If it is a linear write you will be exact on the money with a single lo_get. If
it is an heavy random write then you might need more lo_gets and you might be getting
some unused segments. But heavy random write is rare and slow anyway. As a first
approximation its fine. (We can later fix that as well)
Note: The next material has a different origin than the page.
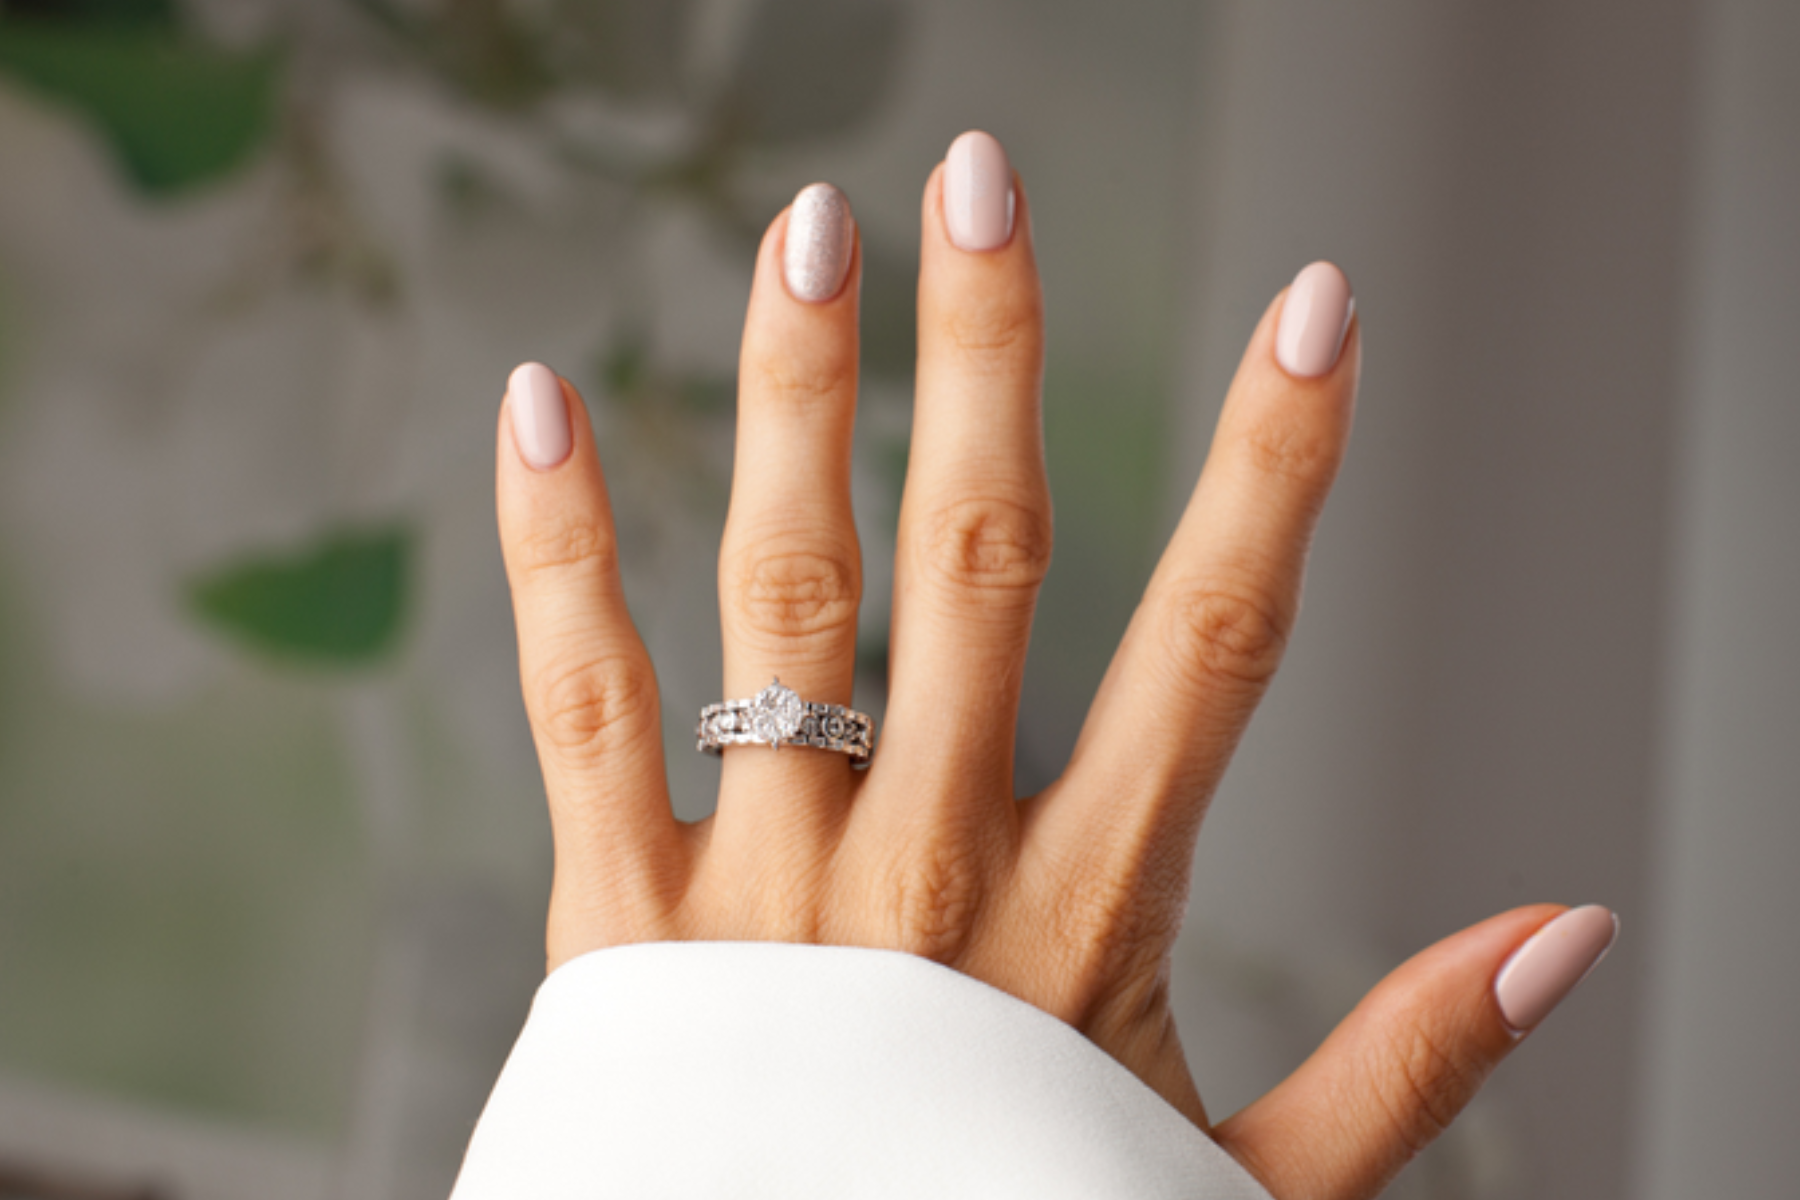 A woman's hand is decked with a conventional wedding ring

The .pg_init is done after .write_pages call from VFS and all the to-be-written
pages are already staged to be written. So there should be a way to easily extract
that information.

> iozone cmd:
> ./iozone -r 1m -s 4G -w -W -c -t 10 -i 0 -F /mnt/iozone.data.1 /mnt/iozone.data.2 /mnt/iozone.data.3 /mnt/iozone.data.4 /mnt/iozone.data.5 /mnt/iozone.data.6 /mnt/iozone.data.7 /mnt/iozone.data.8 /mnt/iozone.data.9 /mnt/iozone.data.10
> 
> Befor patch: around 12MB/s throughput
> After patch: around 72MB/s throughput
> 

Yes Yes that stupid Brain dead Server is no indication for anything. The server
should know best about optimal sizes and layouts. Please don't give me that stuff
again.

But just do the above and you'll see that it is perfect.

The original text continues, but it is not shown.